The other thing that has changed in fashion, I feel, is that it used to be more about strange shapes, but now it’s more about decoration and embellishment than say, an asymmetrical or weirdly cut dress. There is room for that, but I feel like in a way, New York is quite a conservative city. I don't see the girls here wearing anything avant-garde at all.
I mean there are certain areas in New York though, we did a photoshoot on Bond Street and everybody had crazy colored hair or was wearing something funky, but for the most part, you go to the restaurants and clubs now and people are not wearing avant grade clothing as much, the creativity is more around their hair, body piercings and tattoos. Even when models come in for castings I feel like they’re much more normally dressed. Even if they’re wearing the short skirt, high heels, or skintight jeans, it’s not crazy.
You mentioned injecting energy into your team. Can you talk a little bit about cultivating a team here and how you keep everyone inspired?
It’s kind of like when I do a fashion show. It has a theme and it keeps everyone excited. We always do better when we have a theme that everyone is excited about, and although staff do turnover, I have my three close people who I have worked with for a long time.
How have you infused more of a digital and social media presence into your brand?
It has been something we’ve really got involved in a lot.
The NMWarrior Videos were great.
Yes, we’ve experimented with videos a lot and I’ve not always been happy with the product, but these ones in particular seem to have been really successful. You know, we’ve got a really good reaction to the Warrior theme. I like strong women, and I’ve always tried to push that idea, you know, the previous collection was Revolution!
Everyone has really liked the #nmwarrior hashtag and I kind of said it completely by accident! I was speaking to a lot of female bankers at an event we had in our SoHo store, and I said, “Well you don't have to wear a suit to feel strong” and everyone jumped on the idea and phrase. I said it by accident, but I meant it! I was just trying to sell dresses to bankers haha, but everyone liked it!
Our Spring Summer show took a little softer edge, but within that there is a strong character too.
I’d love to chat a little bit about your experience with New York City itself. Obviously you’ve been here for a long time. How have you seen the fashion industry change, and how have you seen the city change?
The good thing is that we have much more global sourcing now, so you can do so many techniques that you couldn't when I was starting out. You couldn't do all the embroidery and beading. And even though we are 90% made in New York, I can get beaded pieces done outside of the country and then sew the dress itself here.
I feel like the quality of clothing has also got so much better in New York over time.
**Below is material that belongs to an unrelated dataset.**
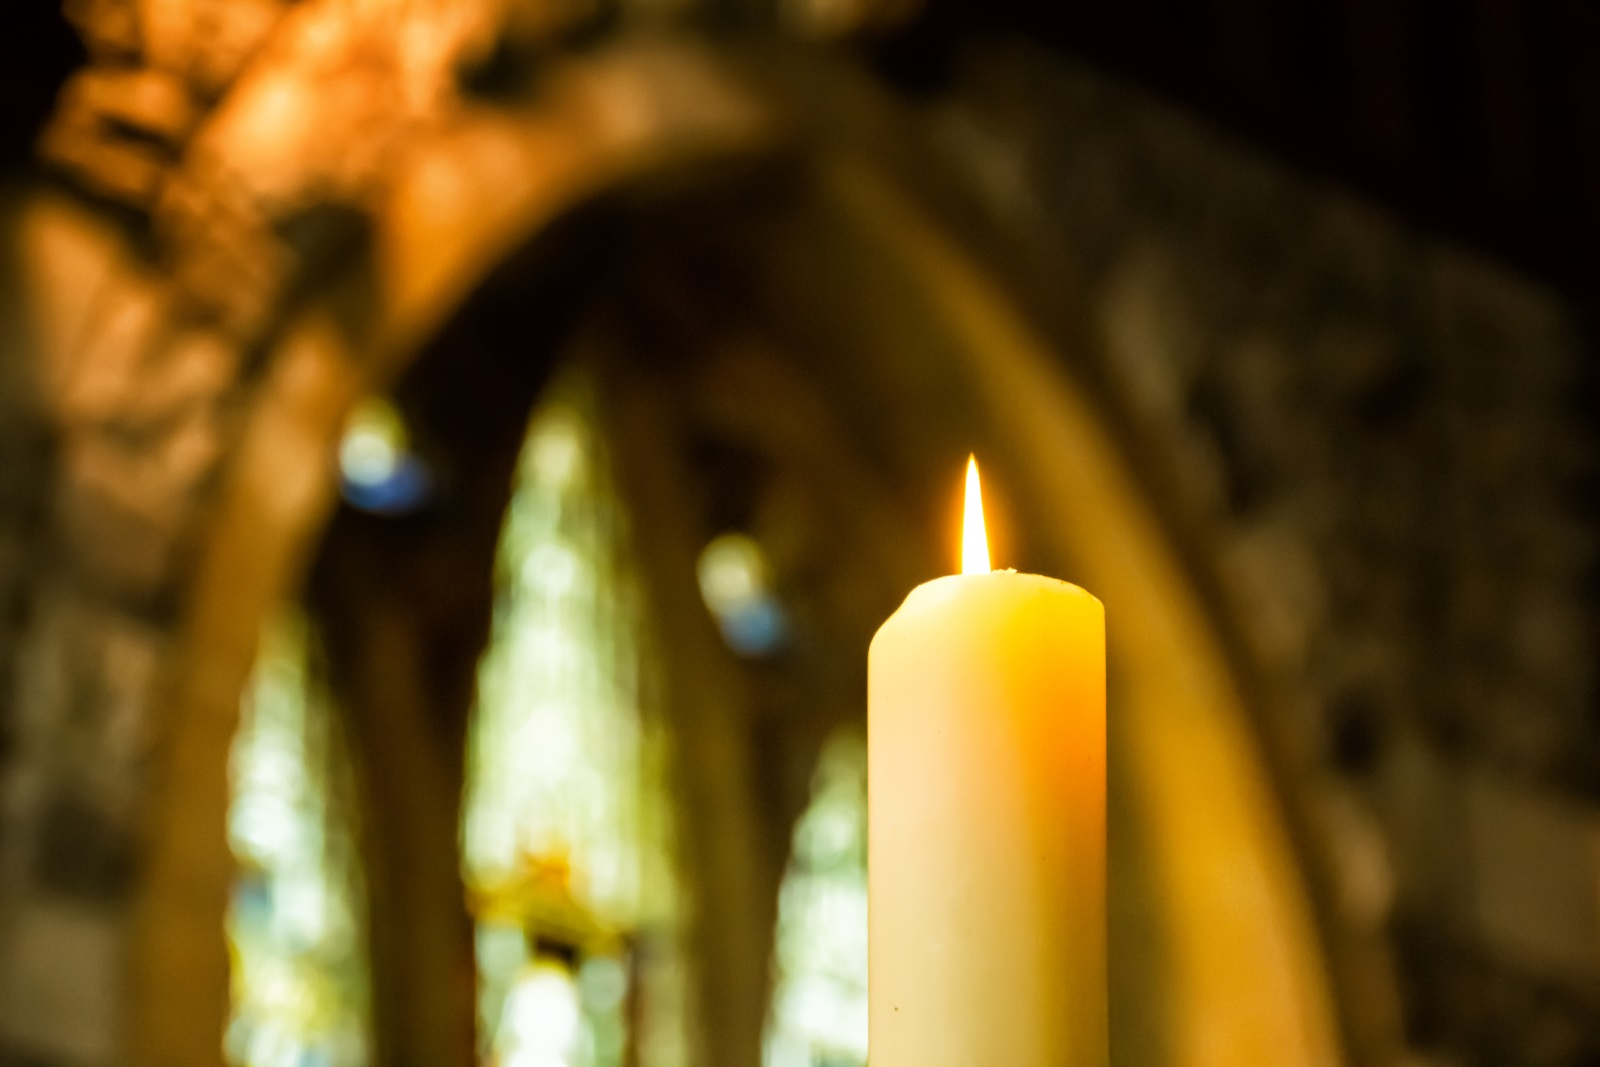 <p>На 17 март&nbsp;се&nbsp;почита паметта на Св. преподобни Алексий, човек Божи. Имен ден празнуват всички, носещи имената Алеко, Алекса, Алексей, Алекси, Алексий. Името Алекси се приема като кратка форма на гръцкото име Алексей, което означава защитник. В случая Св. Алексий получил званието &quot;Божи човек&quot;.</p>

It’s so much more interesting, because thirty years ago, everyone just made a dress with a simple zipper up the back, all were cut in the same fabric, and basically that was it.
With regard to the city… well there’s too much building going on, and they’re ruining a lot of neighborhoods. I feel even though they’re going to build, they should stay in the character of the neighborhood or the zoning restrictions. People are always getting variances for the zoning. So many buildings go up, there was one on the Lower East Side, where they put two extra floors on it, and you know, you can’t tell the building to take those additional floors down. People are bypassing a lot of stuff here which is unfortunate, which means a lot of areas are losing their character.
Lastly, a couple of your favorite places in the city to eat and visit?
Well I love going to Williamsburg, there are so many great restaurants there. I always eat Downtown too. Spots like Nobu, Indochine and Waverly Inn are really great.